From infancy girls and boys are
marked different by jewelry. All baby
girls’ ears are pierced, boys’ are not.
While this little fact comes in handy when doing baby weighing and
guessing which one was which, this identification is very persistent and you
are not really female unless you wear earrings.
Coming to Togo I didn’t know what
I was expecting and the logical thing seemed to not bring much jewelry at
all. I guess it was some silly idea that
I didn’t want to draw attention to myself even with cheap fake jewelry that
someone might mistake for being of value, but now I wish I had brought more
with me. My two pairs of earrings, now
one thanks to my clumsiness, are sufficient, but I wear them every day and it is
only time until I wear them out or lose them.
I remember the first time I dared
to leave my house without my earrings in, OK more like I forgot to put them in;
my host mother was a little shocked and with a worried voice asked what had
happened to my earrings. At the time I
assumed she was just concerned that I had lost them seeing as how jewelry can
be valuable.
A second time I didn’t wear my
earrings in public, a midwife, whom I had just met, reached over and grabbed my
earlobe, “hmm, just checking.
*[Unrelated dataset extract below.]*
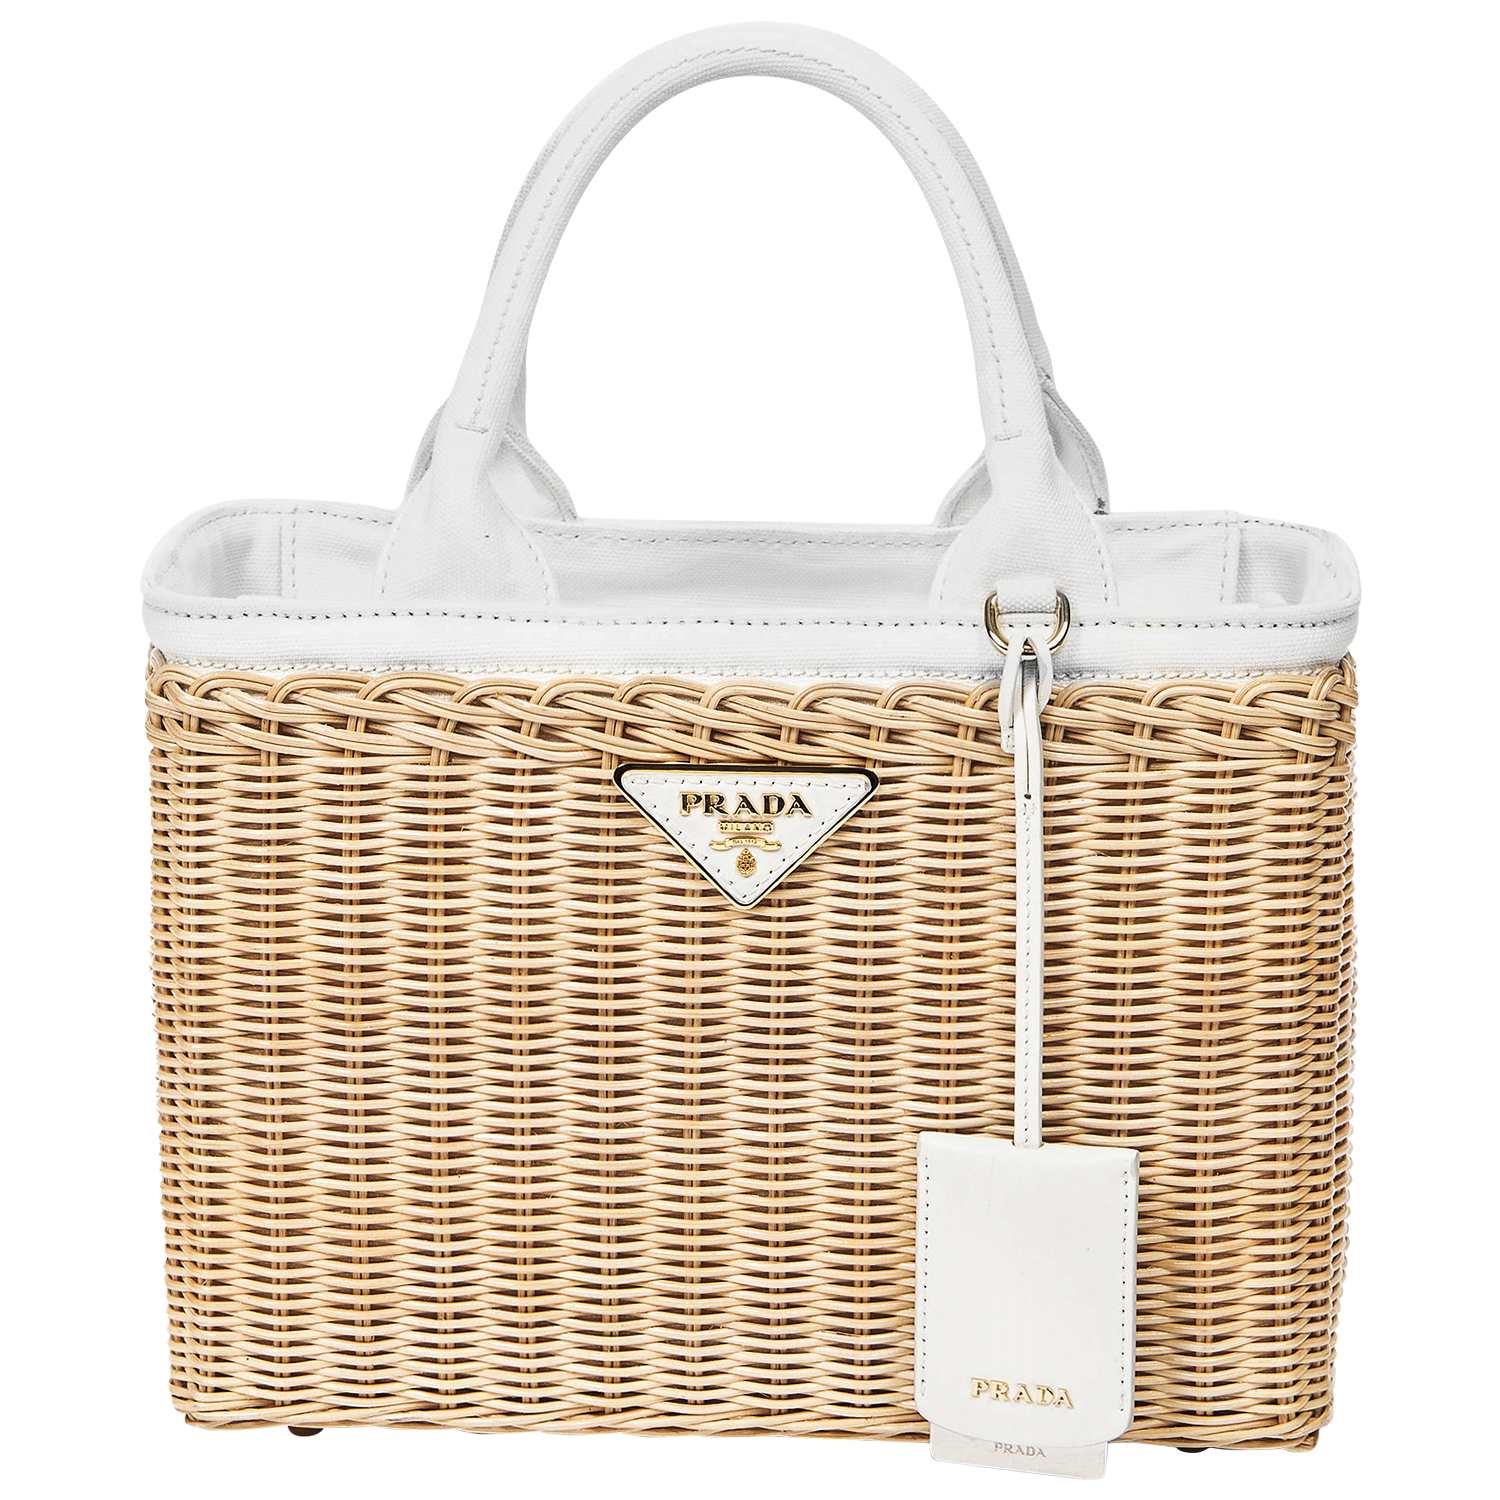 Prada Beige/White Basket Bag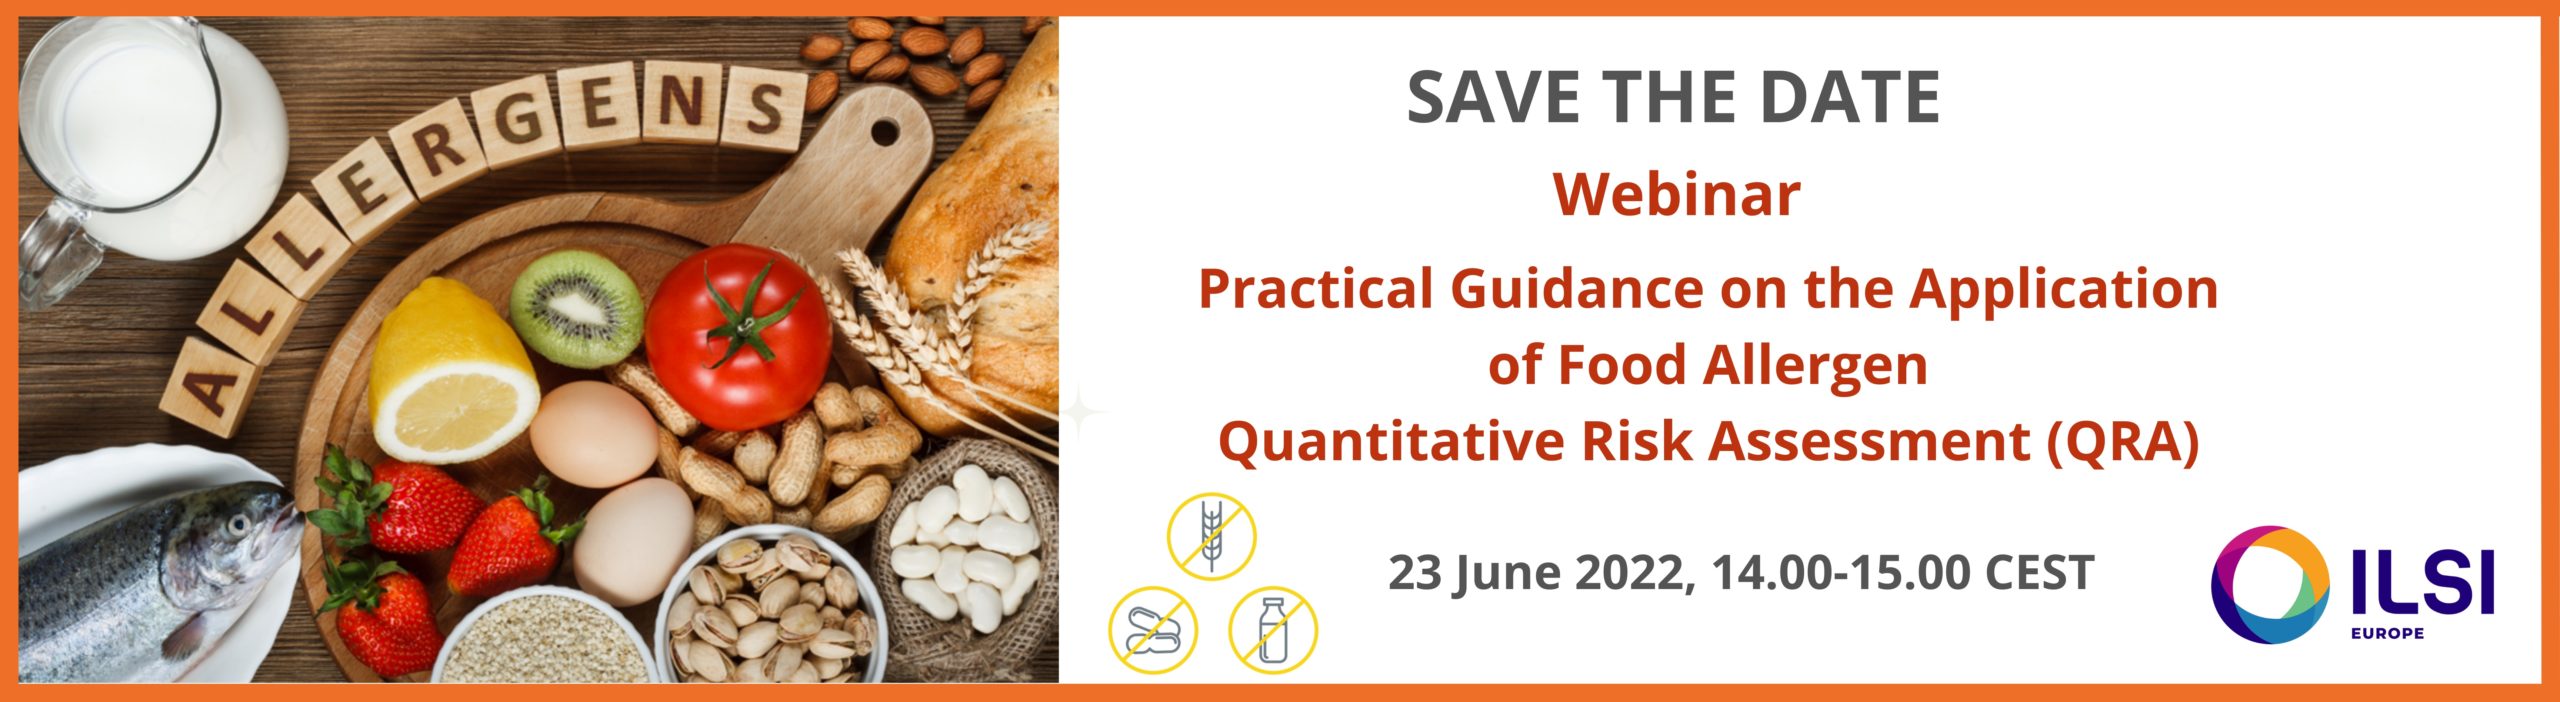 Webinar Food Allergen Quantitative Risk Assessment 4-6 May 2022 Munich, Germany

Why are
you not wearing your earrings?” I don’t
know... I didn’t feel like it? I forgot? They were making me uncomfortable?
There are plenty of reasons why on a perfectly normal day I might not wear
them, but apparently this is somewhat unacceptable.
Just this last week a male
colleague of mine did exactly the same thing.
In the middle of a conversation about a project we are working on he
reached over and grabbed my ear. “Women
wear earrings, why are you not wearing any?”
Considering this conversation was happening in my own courtyard after I
had been woken up from a nap I assumed that it would be OK not to be wearing my
jewelry, I guess not.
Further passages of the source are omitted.